Louise Manifold exhibited new works developed from her ongoing research into Fata Morgana, an optical phenomenon or mirage where far-distant objects or shapes can appear to float on the horizon. In one alcove of Nuns Island, Black carousel was contained in a belljar. Made from paper and reflecting ships and prehistoric seamonsters from myth and imagination, the carousel revolved and projected these images onto the walls of the space. Bird boat (a representative sculpture: part bird, part boat) was hidden behind a mirror in the same space, where the discovery of this piece seemed left to chance. A third artwork by Manifold was located outside the building: an installation of mirror glass onto the existing windows featured Manifold’s drawings of bird-like creatures.
Todtnauberg, a video work by Dennis Del Favero, investigates events surrounding an encounter between Jewish poet Paul Celan and the German philosopher Martin Heidegger in 1967. They met to discuss issues relating to World War II that they hoped to resolve. Del Favero’s project concerns itself with the silences and amnesia that haunted both the encounter and the events surrounding it. Using actors to play the part of Celan and Heidegger, the film is shot in black and white and filmed in a maze. Found footage of old newsreels is interspersed into the video, as sleek pans of murky undergrowth come together with Nazi marches and Aryan children. A culmination of almost silent intonations of the conversation with a mesmeric camera sequence creates an altogether intense and claustrophobic piece of art. This is further emphasized in the installation: the work is displayed on a small flat-screen with headphones. The need for the viewer to stand especially close to the screen, due to the length of the headphone lead, further immerses the viewer.
Cao Fei’s video piece, Whose Utopia?, looks at workers in the Osram Lightbulb factory in the city of Guangzhou, China. Her camera records the lives of emigrant factory workers and how their status has changed in the overwhelming trend of globalisation. Beginning in the factory itself, the documentation of machinery and components to create the standard lightbulb becomes a captivating movement of the camera. A narrative then unfolds into small moments of personal mini-Utopias within the factory itself; a dancer appears in a storeroom, a worker plays electric guitar on the factory floor.
A Life on the ocean wave, a site-specific performance by Michelle Browne, took place off Salthill on 30 May. Inspired by Bas Jan Ader’s fatal attempt to cross the Atlantic single-handed, a choir sited on a Galway Hooker sang A Life on the ocean wave by Henry Russell, the sea shanty played at the launch of Ader’s expedition in 1975. The sound was streamed back to shore and played on loudspeakers to the people gathered on the beach, creating an uncanny interaction between boat and shore.
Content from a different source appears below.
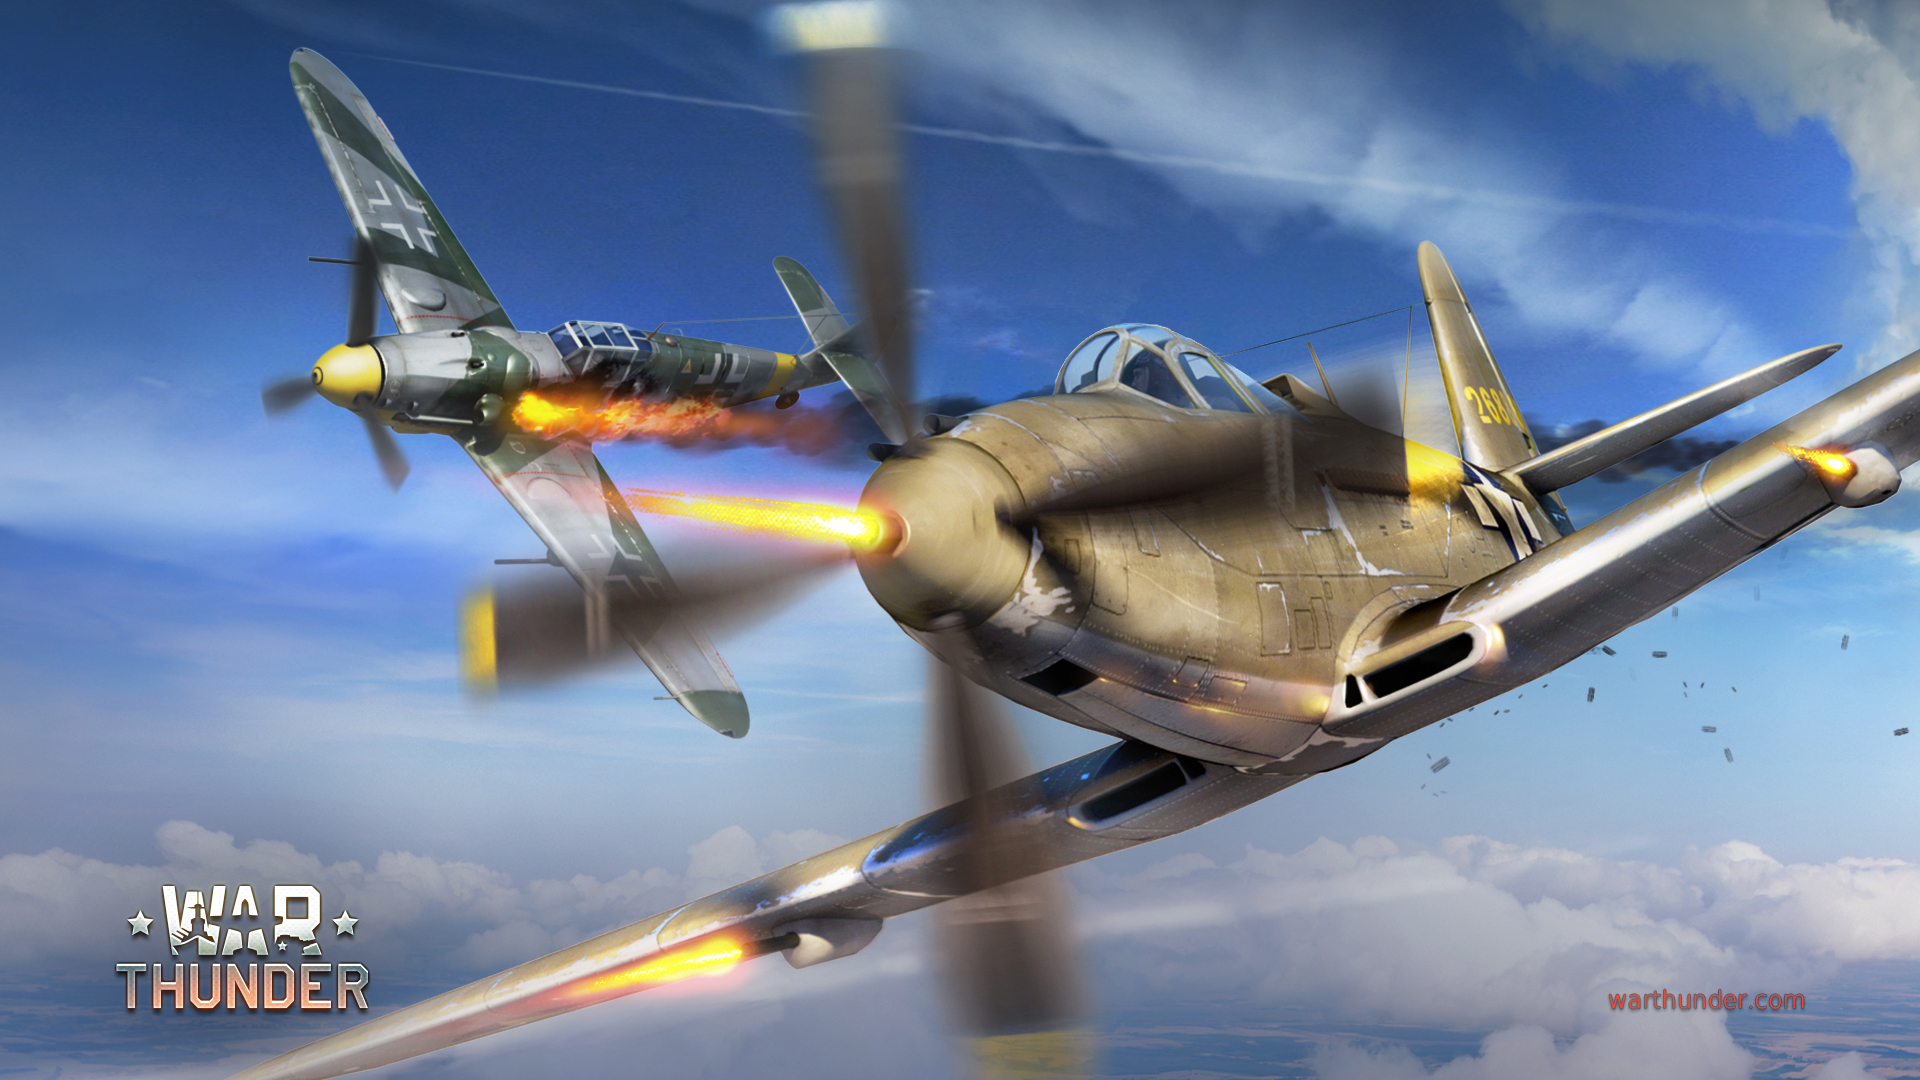 Vastly Improving Reworking Air Rb New Game Modes Reconnaissance Interception Night Fighting Etc Passed For Consideration War Thunder Official Forum

On the day, people used binoculars to view the choir in the distance and often attempted communication by shouting out to the boat.
Many divergent tangents around the Utopia theme were explored at length in Nuns Island. Though ‘Utopias’ ‘strictly speaking’ mean nowhere, the Utopias in this exhibition could be read as being relevant everywhere.
Michele Horrigan is an artist and curator of Askeaton Contemporary Arts.